▶ ASSIGNMENT
For this exercise, retype the lines from the one that holds "Letteratura slovena del Litorale (vademecum)" through the one that holds "MARYAN MEHLHORN Bralette" in the records below, both included, exactly and without pictures.

▶ DATA FOR THIS EXERCISE
□ □ □ □ □ □ □
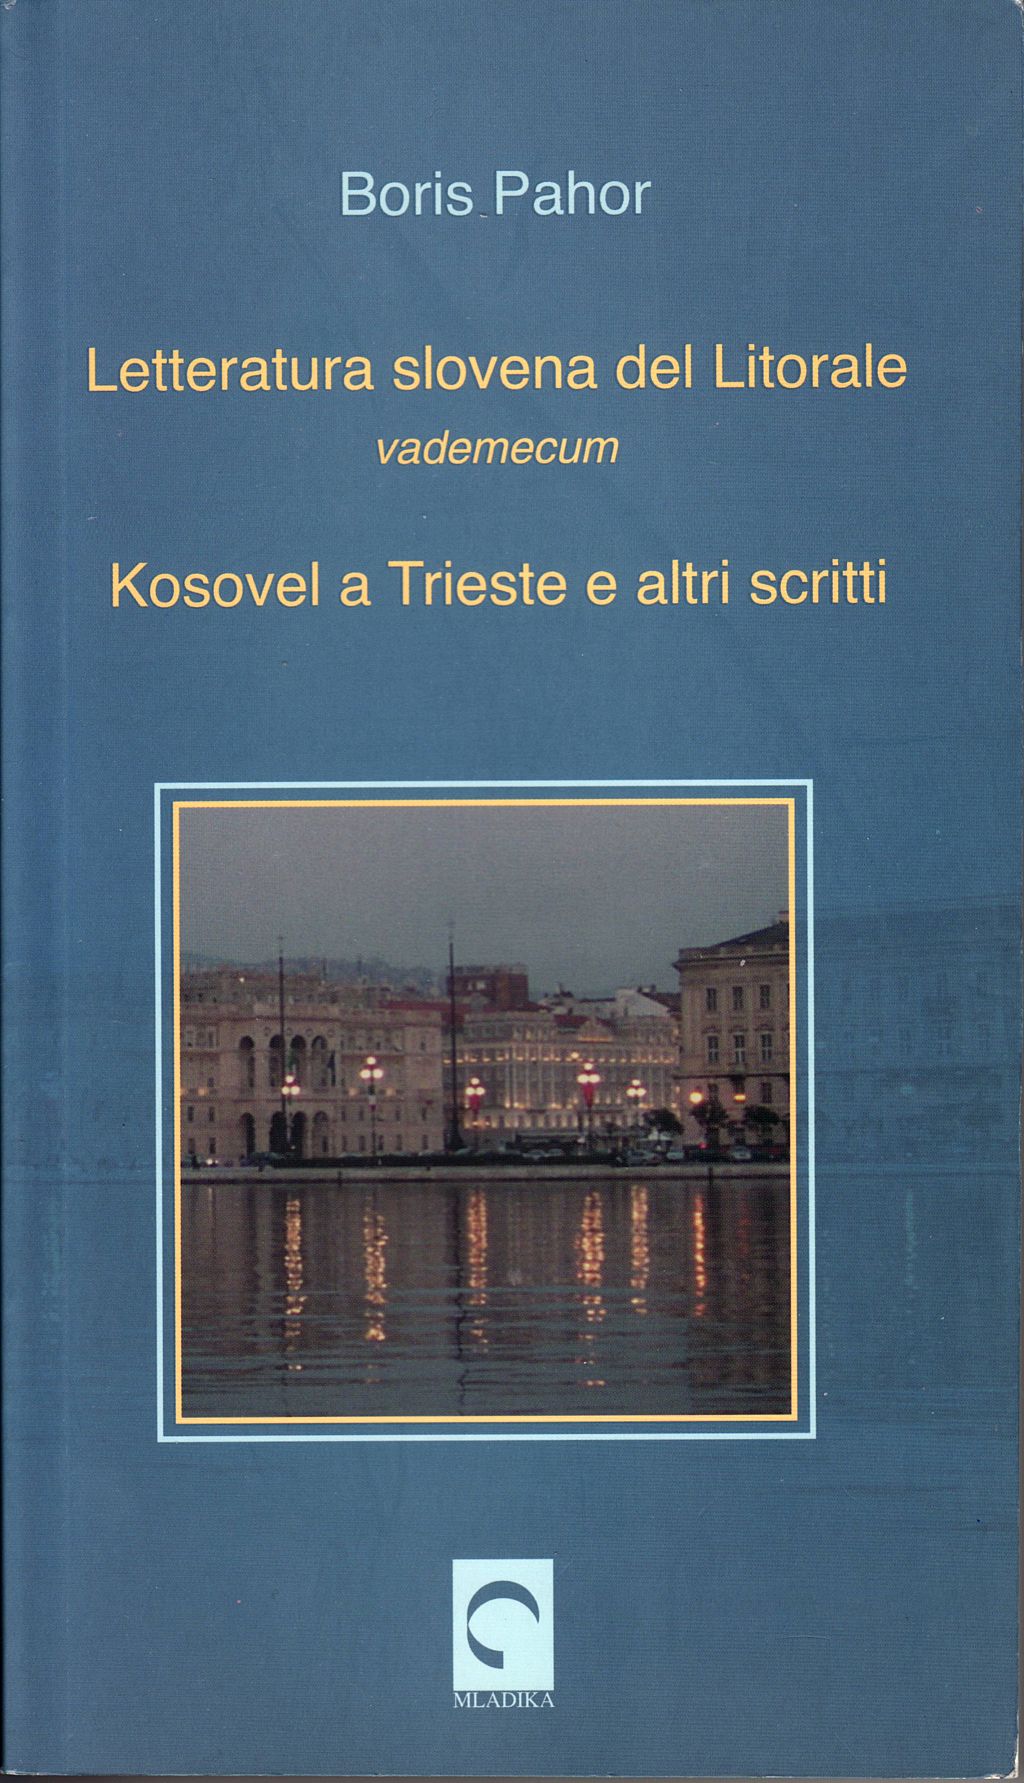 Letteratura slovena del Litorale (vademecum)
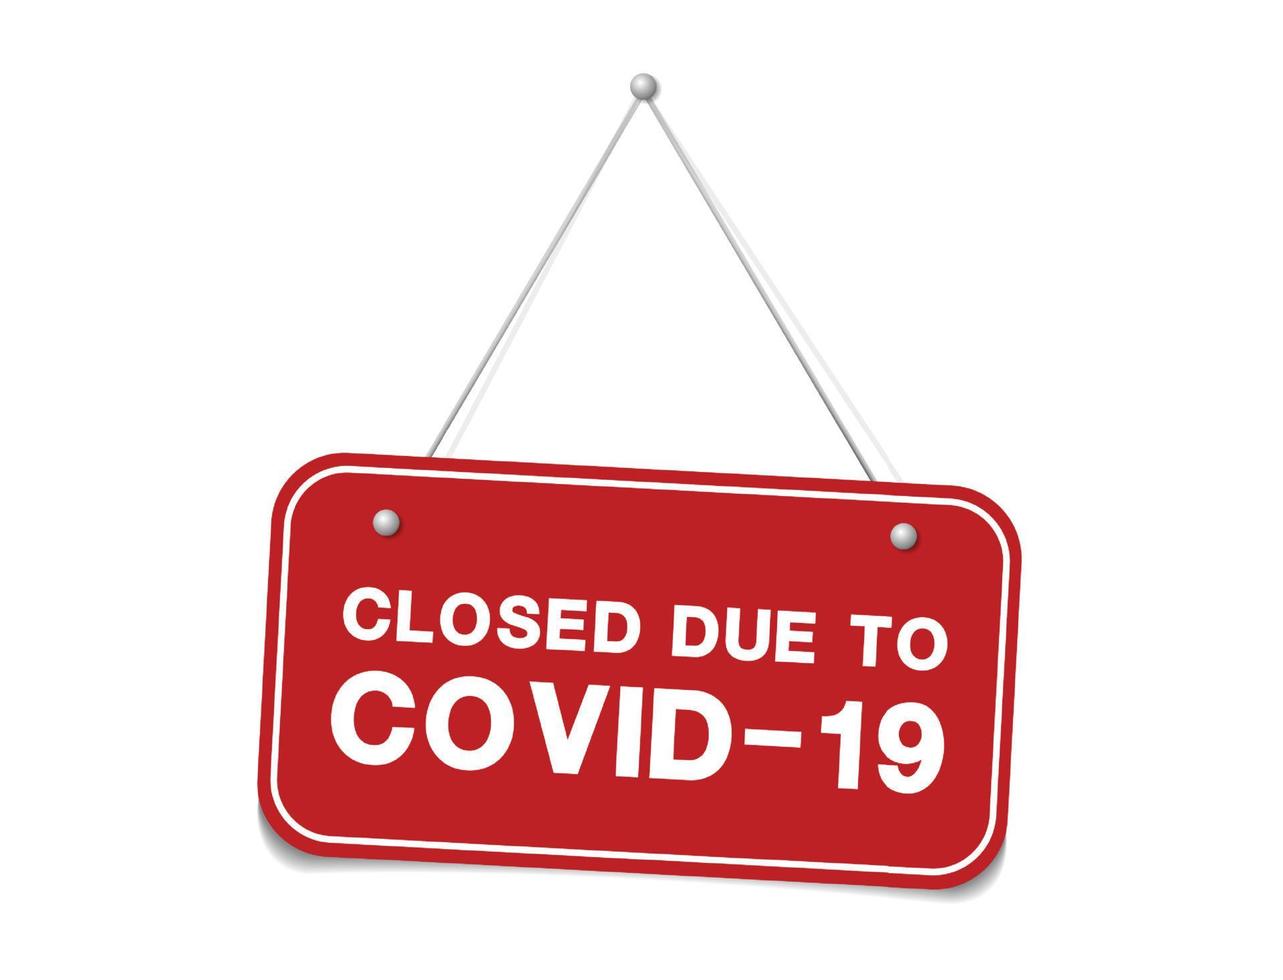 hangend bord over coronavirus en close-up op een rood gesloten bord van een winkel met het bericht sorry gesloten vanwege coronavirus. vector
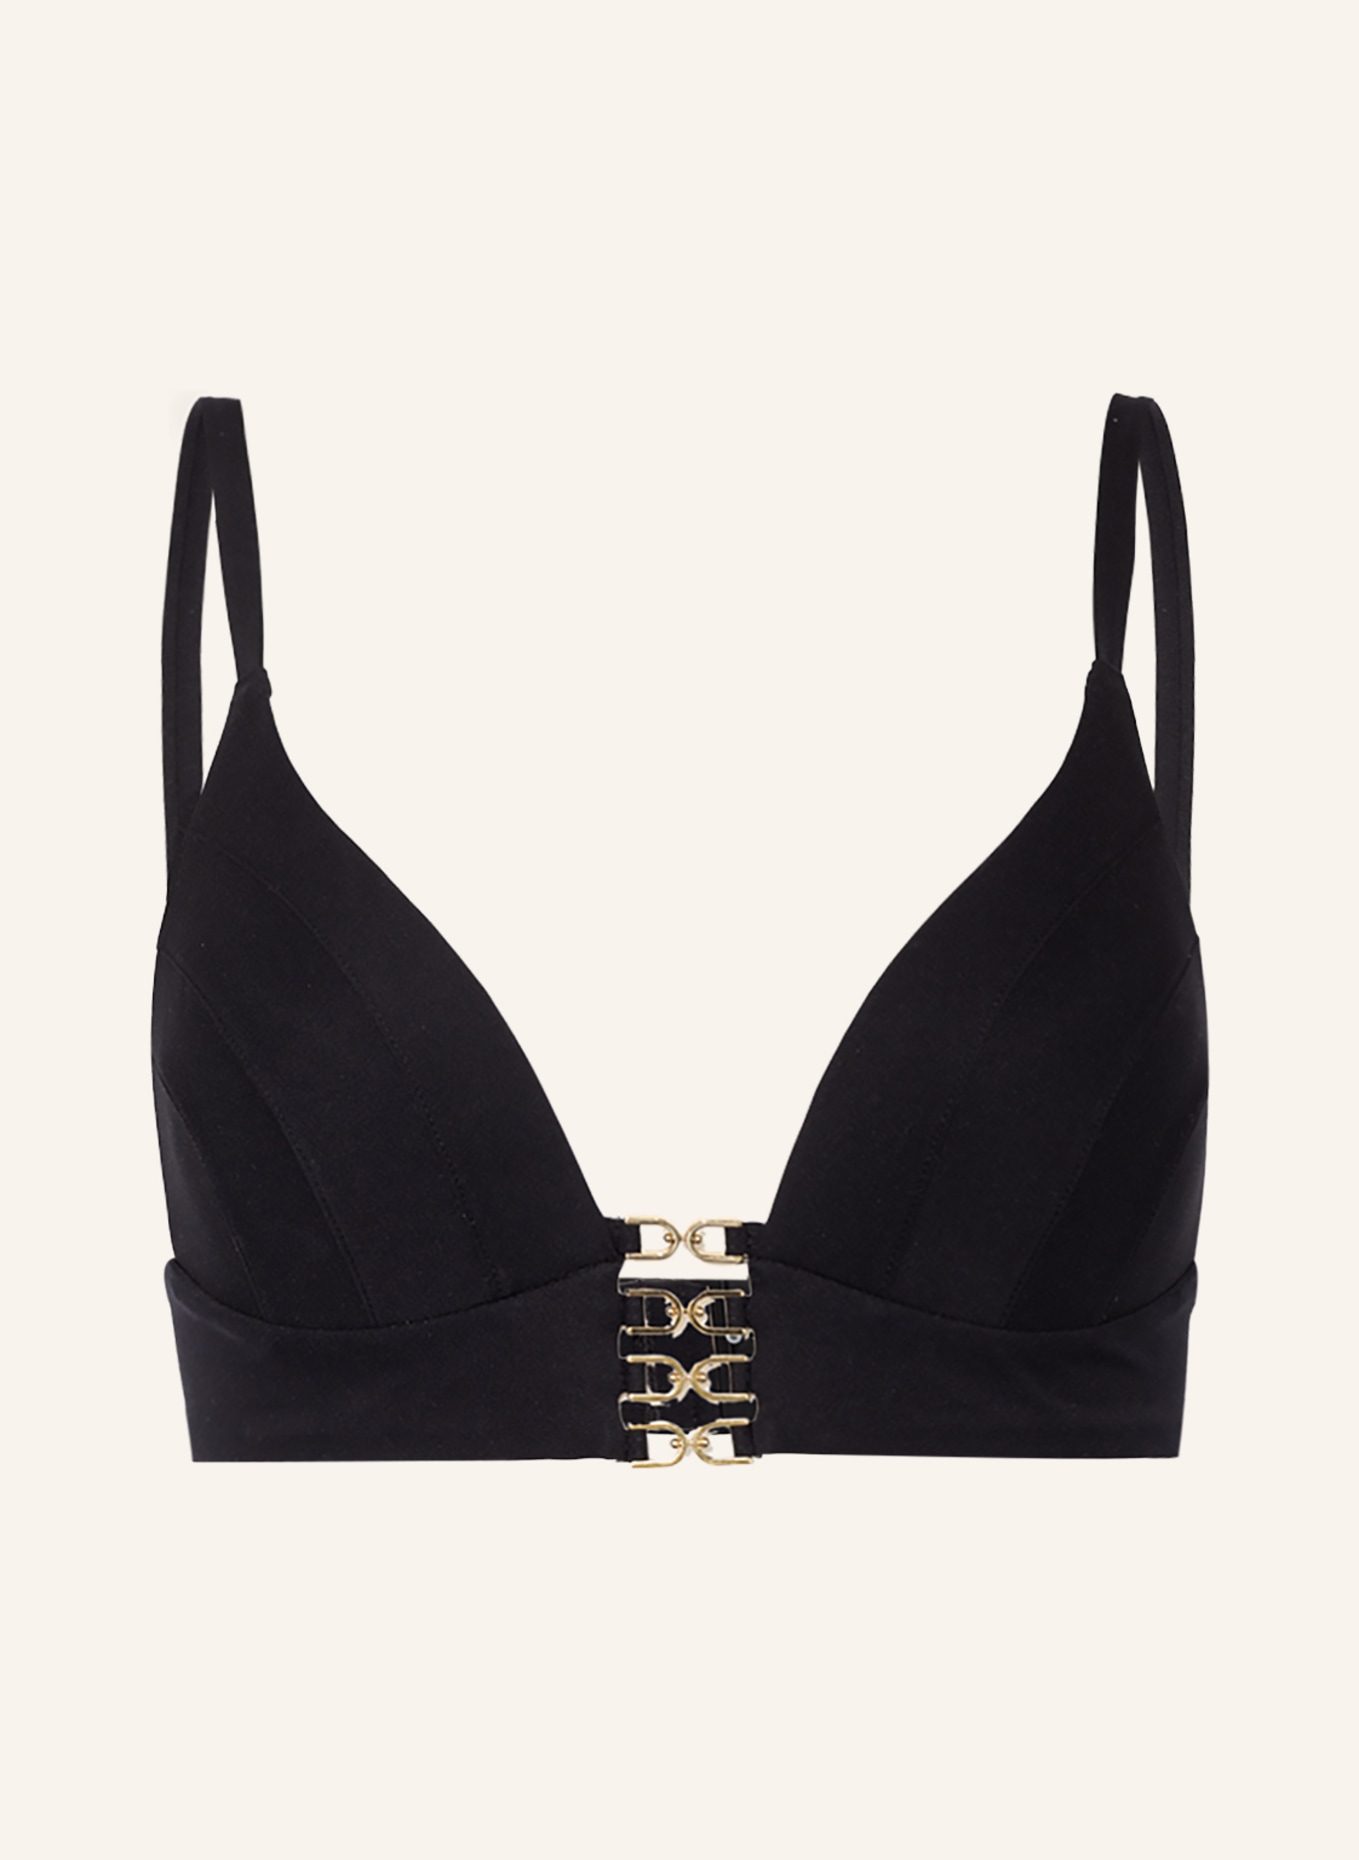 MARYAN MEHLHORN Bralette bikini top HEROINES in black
□ □ □ □ □ □ □
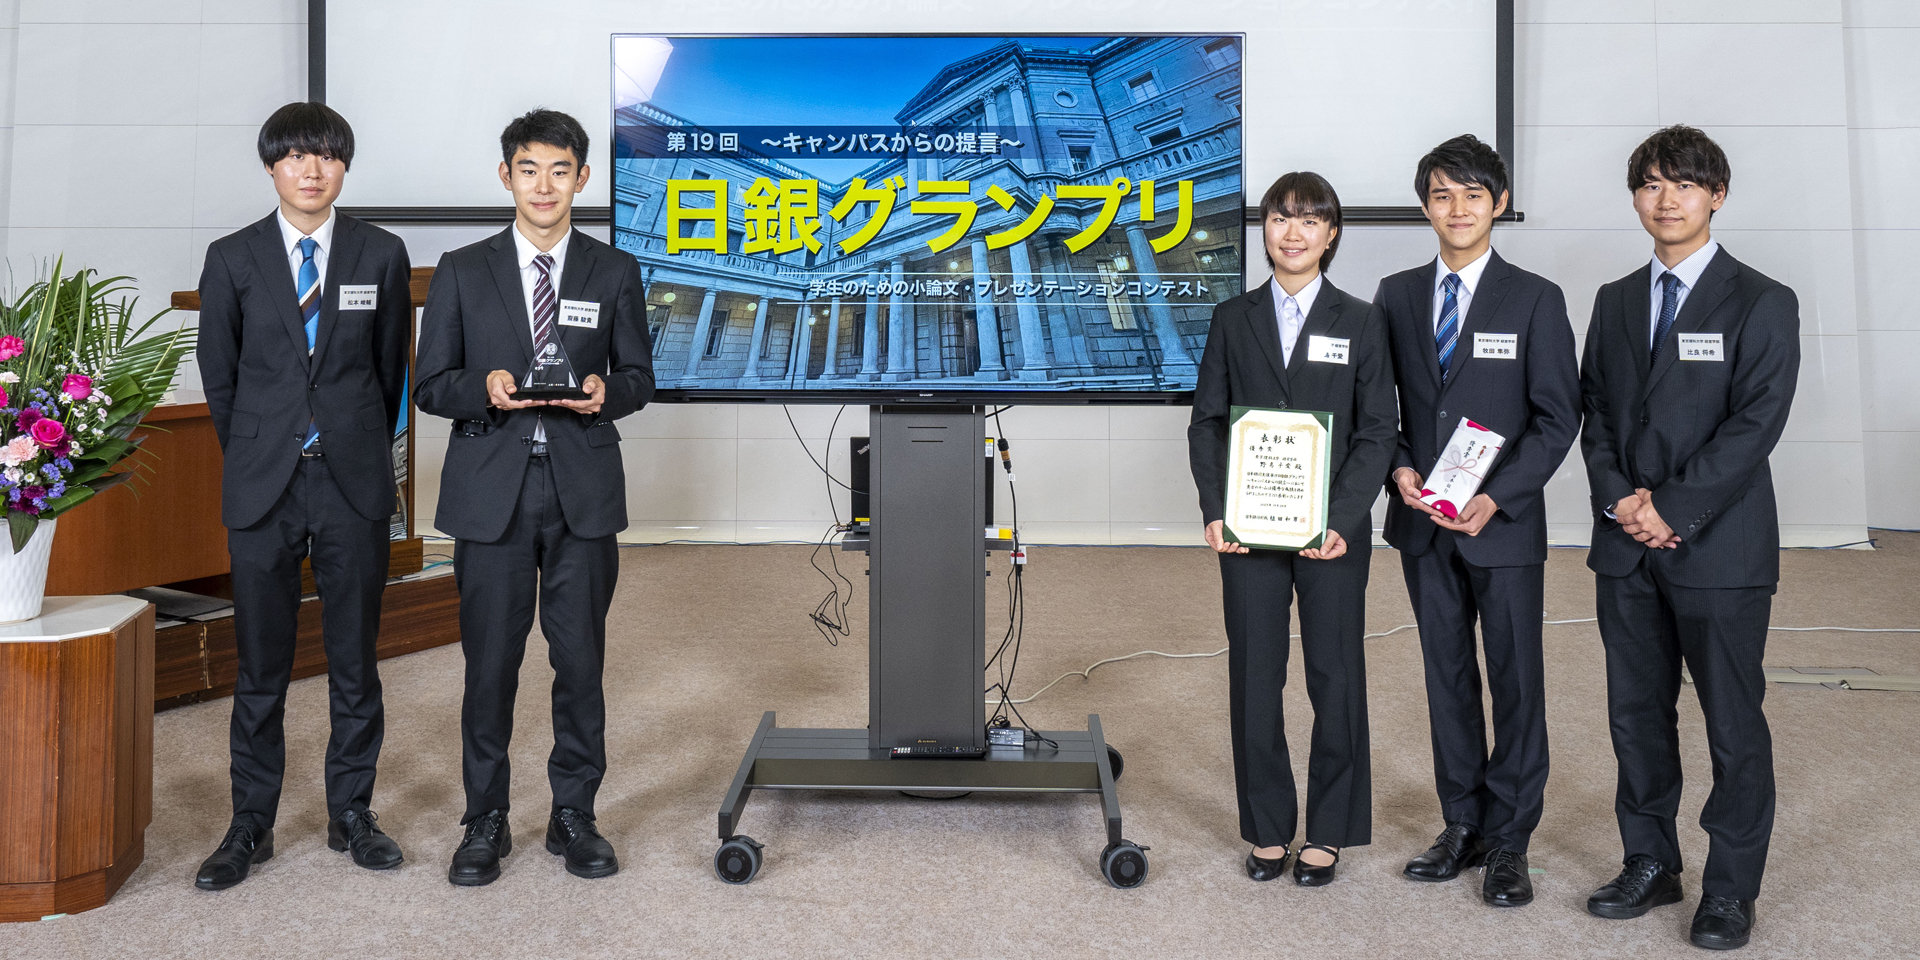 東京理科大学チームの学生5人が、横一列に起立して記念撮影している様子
□ □ □ □ □ □ □
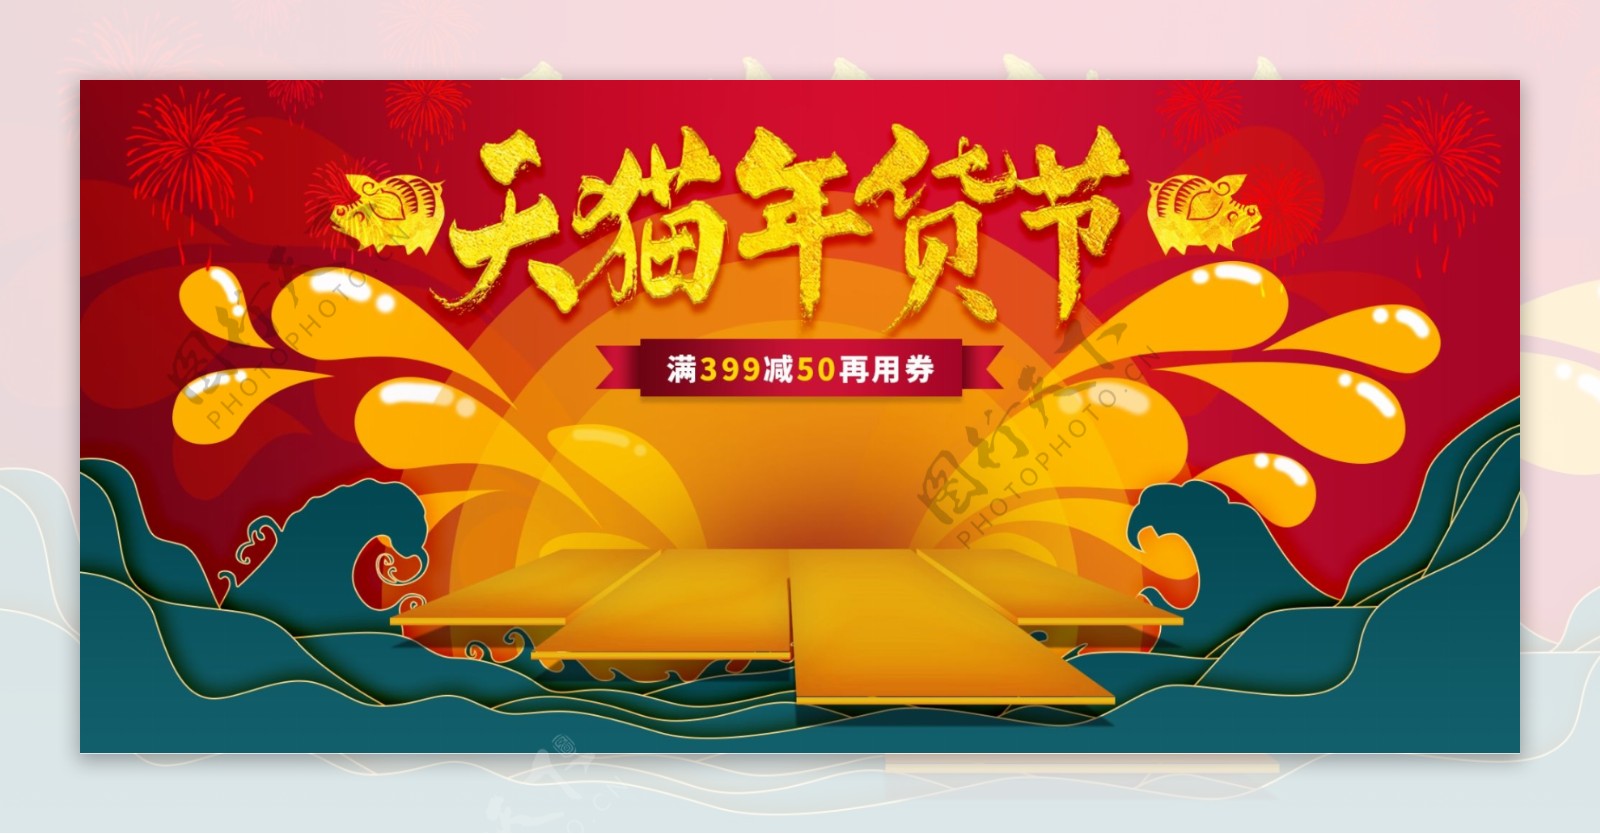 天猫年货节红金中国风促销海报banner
□ □ □ □ □ □ □
▶ WRITTEN RESPONSE
 Letteratura slovena del Litorale (vademecum)
 hangend bord over coronavirus en close-up op een rood gesloten bord van een winkel met het bericht sorry gesloten vanwege coronavirus. vector
 MARYAN MEHLHORN Bralette bikini top HEROINES in black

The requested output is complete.